To be eligible for inclusion on any honors list compiled and published by a dean’s office at the end of each semester, students must have earned not less than a 3.50 semester grade point average and have carried a minimum of 12 semester credits. 

Appeal of Final Grade

All departments must establish policies and procedures which enable students to appeal final grades. These policies and procedures must outline the progression of a formal appeal and specify who, if anyone, is empowered to change a final grade. All appeals for a final grade change must be initiated in writing through the department in question during the semester immediately following the semester in which the grade was earned. A copy of each department’s policies and procedures must be filed in the office of the appropriate dean. 

Reports on Grades and Credits

Official grades may be submitted at the end of each course and viewable on TALON; however, grade point averages are updated at the end of the term. Academic action is taken at that time as well. Grades are not mailed. They are available electronically on the Web via the TALON system. Students enrolled in General Education courses may receive e-mail notices of unsatisfactory work at mid-term. If you have unsatisfactory reports at any time, you are expected to seek counseling and help with your studies. Available resources include the instructor(s), adviser, Academic Advising Center, department tutors and student services units, these staff will provide assistance on a confidential basis. Freshmen, especially, are encouraged to seek help at the earliest sign of academic difficulty. The university assumes that students will communicate regularly with parents or guardians with respect to academic status and progress.



Incomplete (I) Grade  

                    An Incomplete (“I”) is a temporary grading symbol (not a final course grade) which may be reported for a student who has carried a subject through the last date that one may withdraw from a course and then, because of illness or other unusual and substantiated cause beyond the student’s control, has been unable to take or complete the final examination, or to complete some limited amount of course work.

In no case may an Incomplete be recorded by an instructor for a student who, through personal fault, has failed either to complete the requirements of the course on time or failed to report for the final examination as scheduled.

Before an Incomplete is reported, there should be, in the judgment of the instructor, a reasonable probability that the student can complete the course successfully without attending class sessions again.


Removal of an Incomplete

An Incomplete (“I”) will be removed when the student submits all work due. An Incomplete must be removed and a final grade recorded in the Records and Registration Office no later than mid-term of the second term in residence, following the term in which the incomplete was incurred. (Only fall and spring semesters are counted as terms.) A dean may approve a petition for a time extension.

In order to remove an Incomplete, the student must make arrangements with the instructor for the satisfactory completion of the work remaining to be done in the course. This work was indicated on the “Information Sheet for Filing of an Incomplete Grade” that was submitted by the student and the instructor when the “I” was originally requested.

When the work has been completed the instructor submits a final grade, which must also be approved by the department chair and the student’s dean. If the deadline for completion is not met, a grade of “F” will be recorded automatically at the time stated above. If the instructor indicated a grade other than “F” on the information sheet that was filed, that grade will be used instead of “F”.

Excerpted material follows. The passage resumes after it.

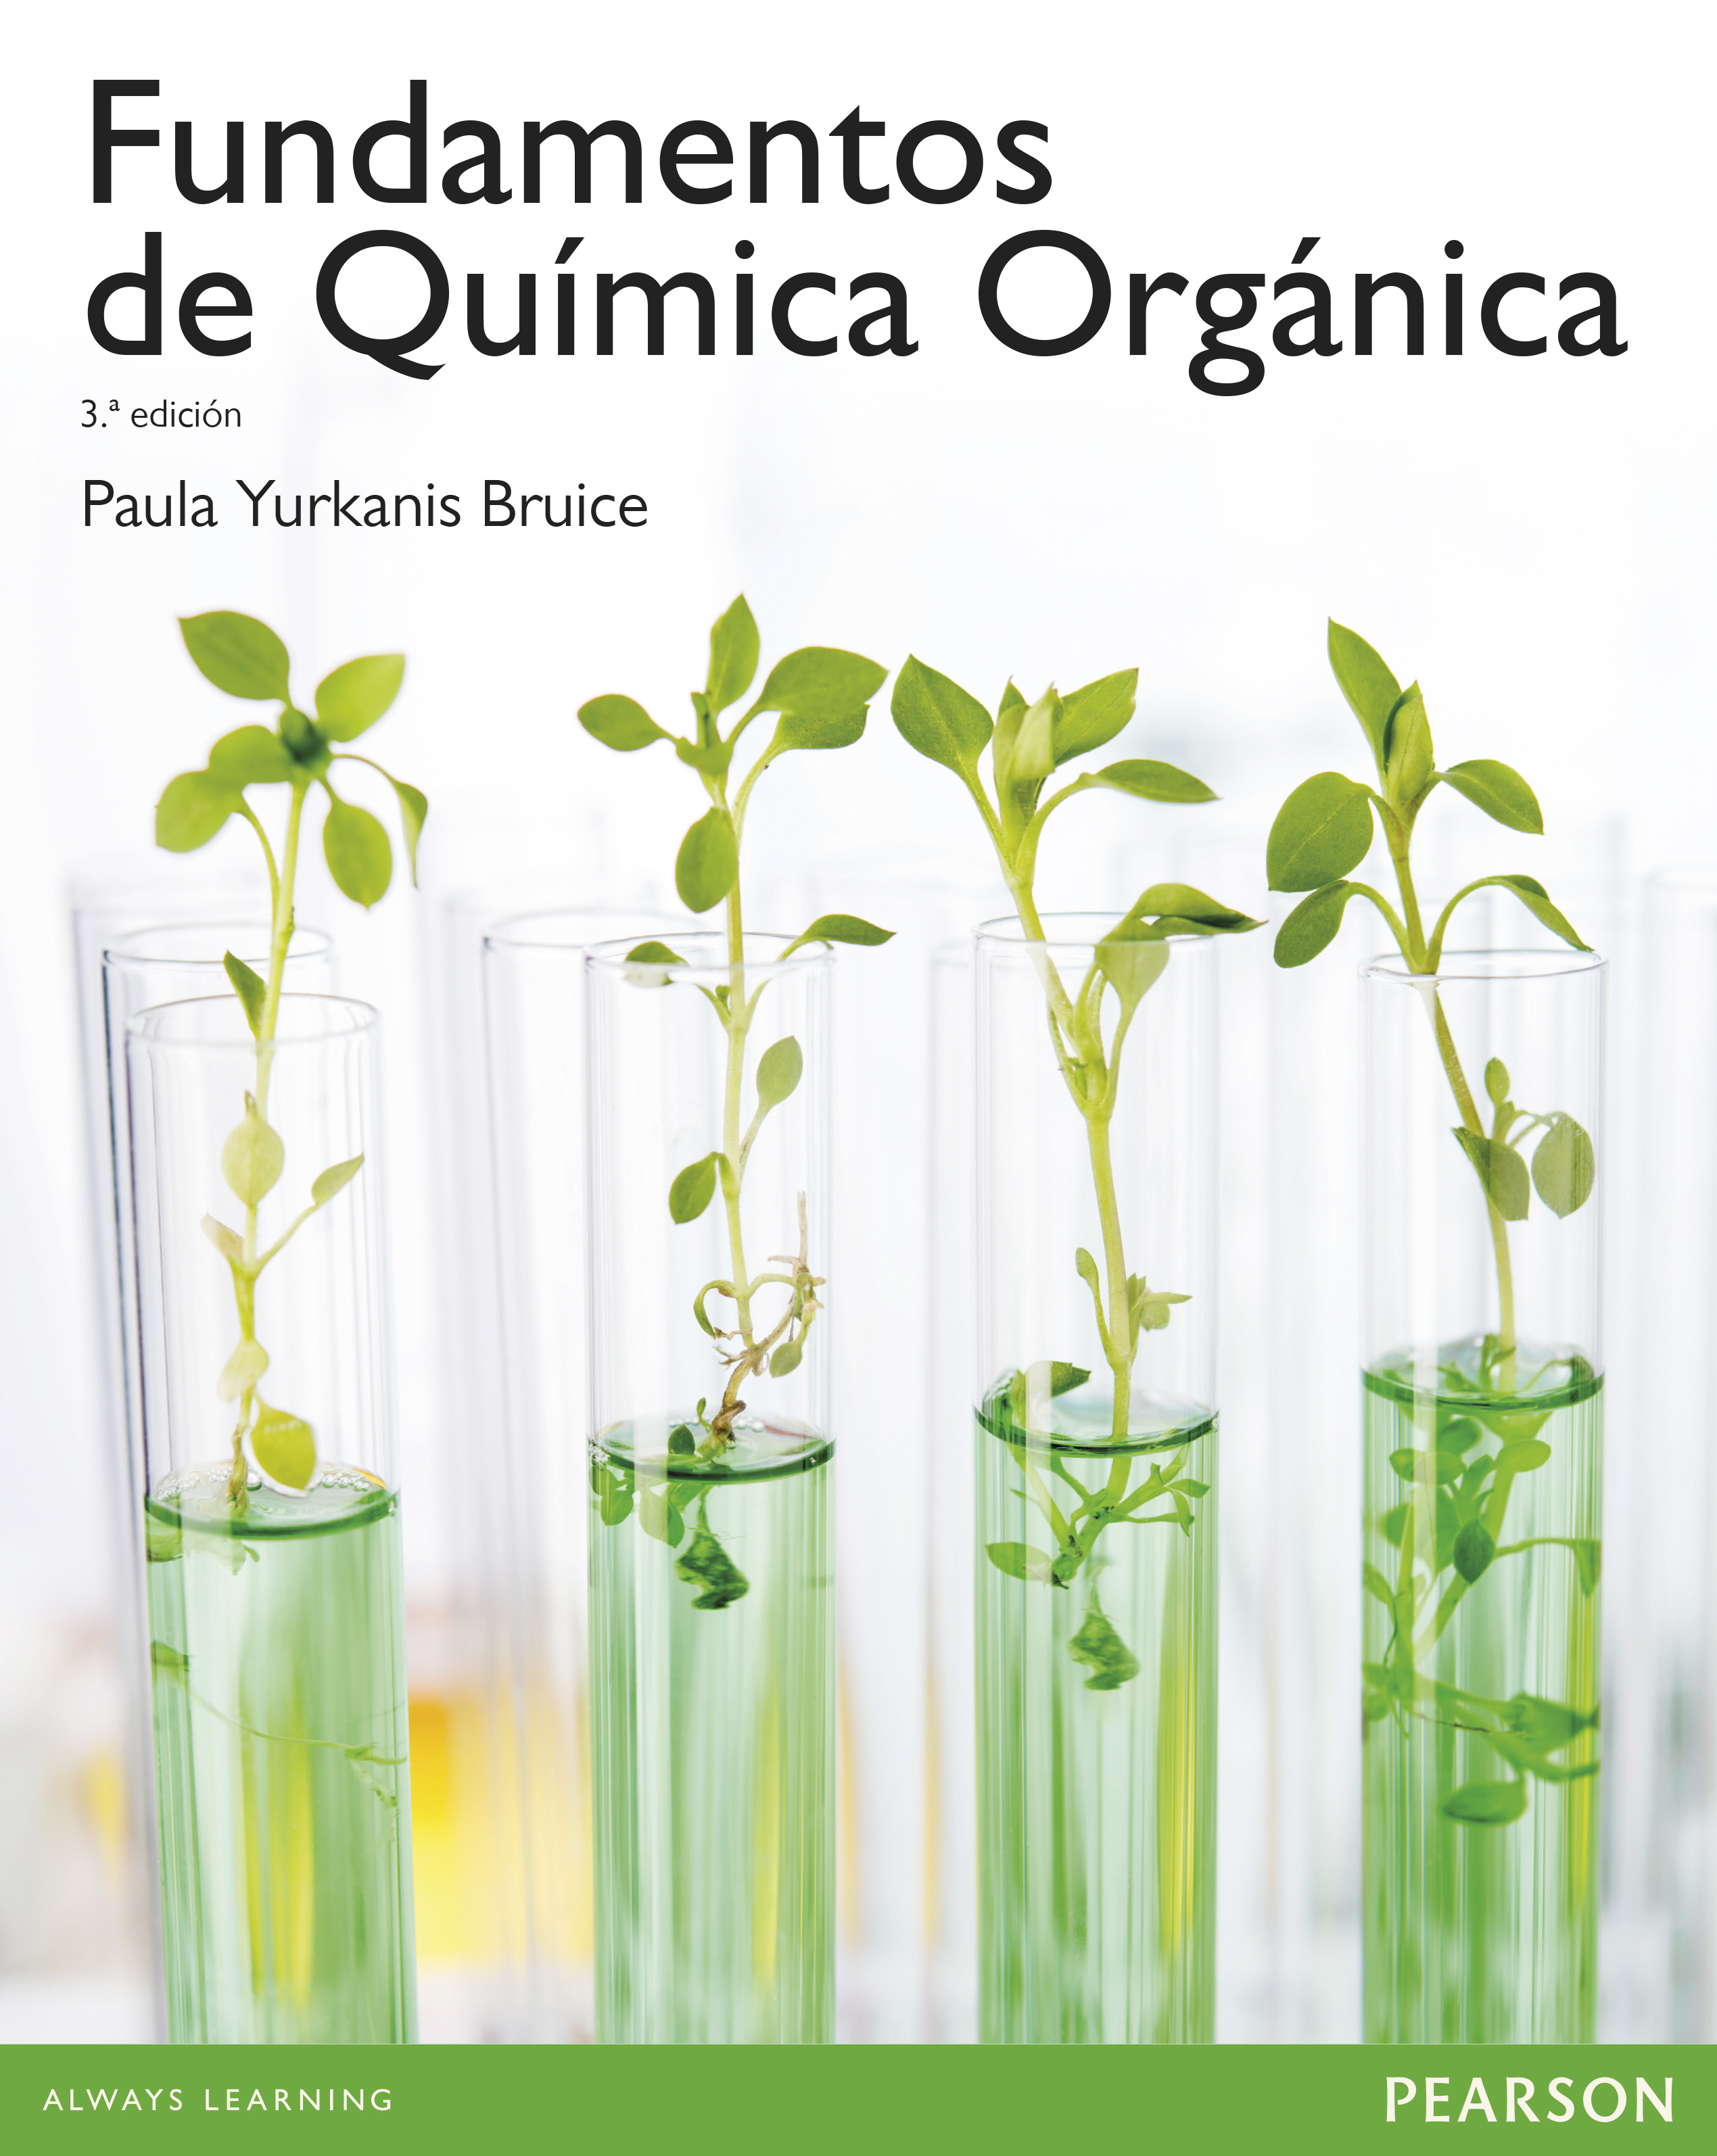 libros quimica organica pdf gratis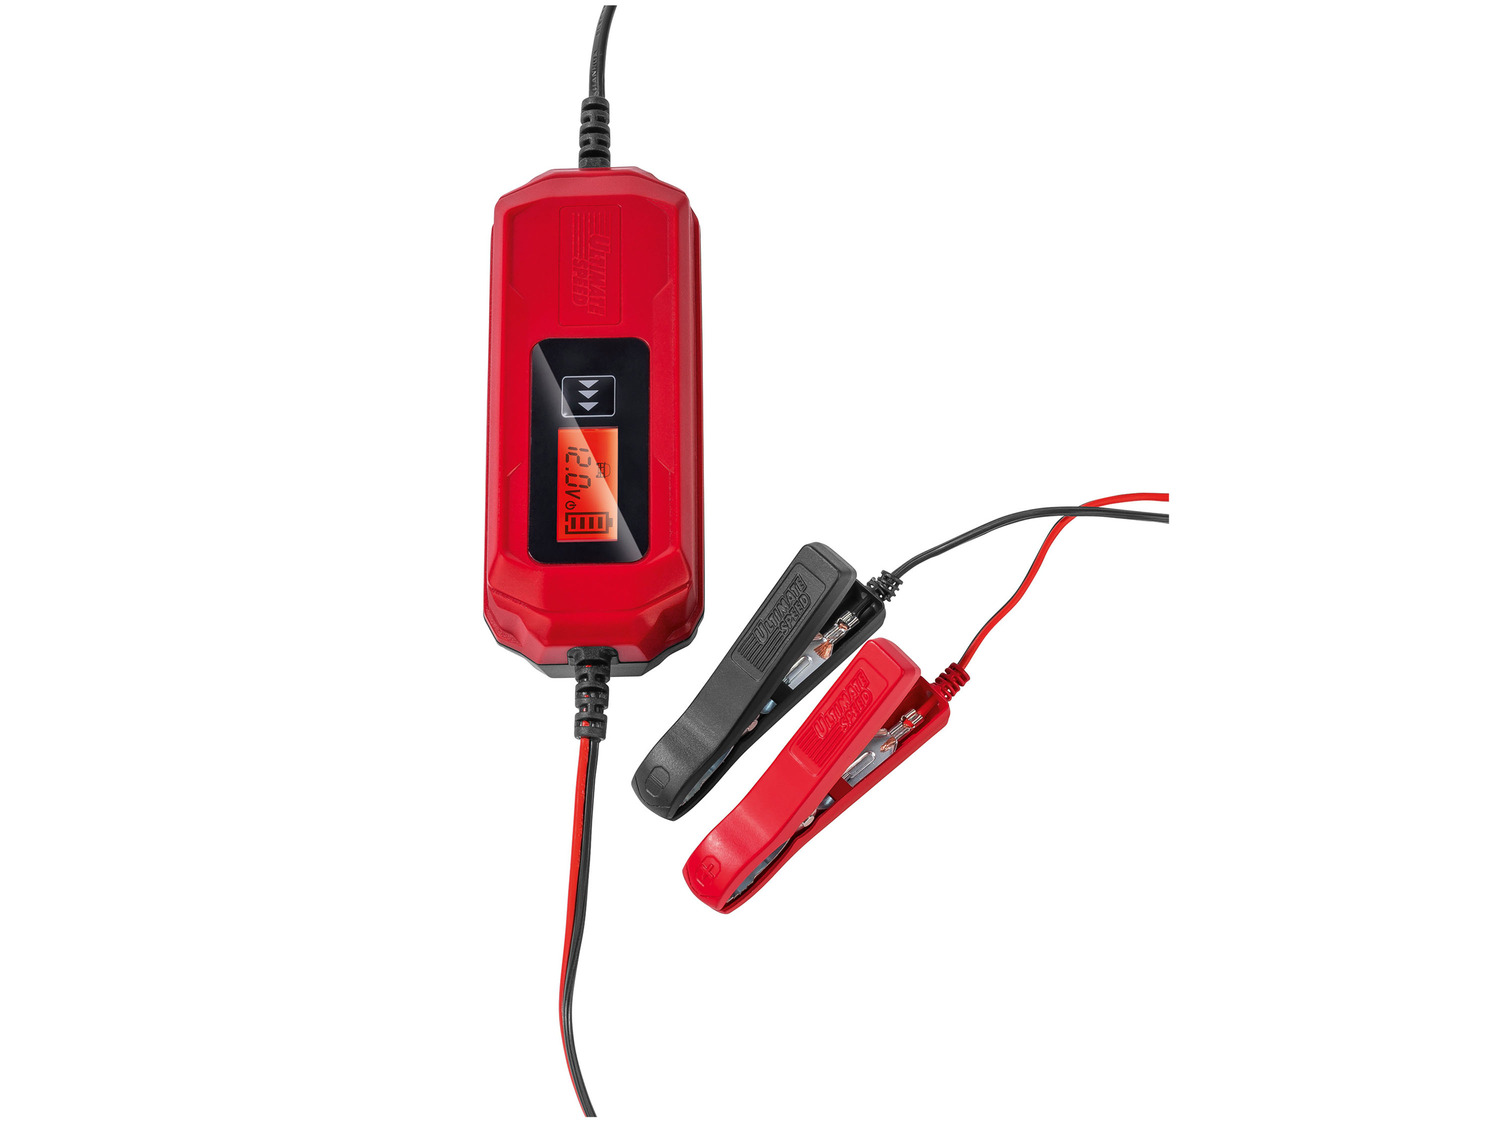  Chargeur de batterie de voiture ULGD 3.8 B1 pour batteries de  moto et de voiture 6 V/12 V

Note: A student should never register again for any course to remove a previously recorded Incomplete unless the “I” grade has been converted to “F”. This conversion of the “I” must be done prior to re-enrollment. The grade earned in repetition will supersede the “F” recorded, according to established regulations for course repetition.


Intra-University Transfer 

Undergraduate students, upon enrollment, are assigned immediately to one of the schools or colleges within the university for advisement, registration, and record-keeping purposes. They may transfer by meeting prescribed admission, curriculum, or other requirements of the new school or college of their choice. Intra-university transfers are initiated at the dean’s office of the college or school to which one wishes to transfer. Students wishing to transfer from one college or school to another must be in good academic standing at the time of the transfer. Students wishing to transfer who are not in good academic standing should consult with the dean’s office of the college or school to which they wish to transfer.

Admission and other requirements vary among the schools and colleges and their programs. Frequently, additional credits and time are needed to complete graduation requirements after an intra-university transfer. Students who decide to make such changes are responsible for familiarizing themselves with requirements.


Student Load 

The standard undergraduate load is 16 credits per semester. Credit loads of 19 or more constitute an “overload” and may be carried only if an application is made in writing, endorsed by the assigned faculty adviser, and approved by the dean of the school or college in which the applicant is enrolled. Overloads are not approved for first semester freshmen or for any student with a cumulative grade point average less than a 3.25.

The standard undergraduate load during a 12-week summer session is 12 semester credits. This is the maximum number of credits that can be earned during the summer session. Interim Session (J Term) credit load policy — a student may earn, as a maximum, the number of credits corresponding to the number of weeks in any interim session — i.e., three weeks = three credits.

To be considered “full-time,” undergraduate students must carry a minimum of 12 semester credits during the semester and six credits during a summer session. “Half-time” is based on six credits for a semester and three credits for summer session. Credits carried on an “audit” basis do not count as part of a load to establish full-time or half-time status for any type of eligibility — for sports, loans, etc.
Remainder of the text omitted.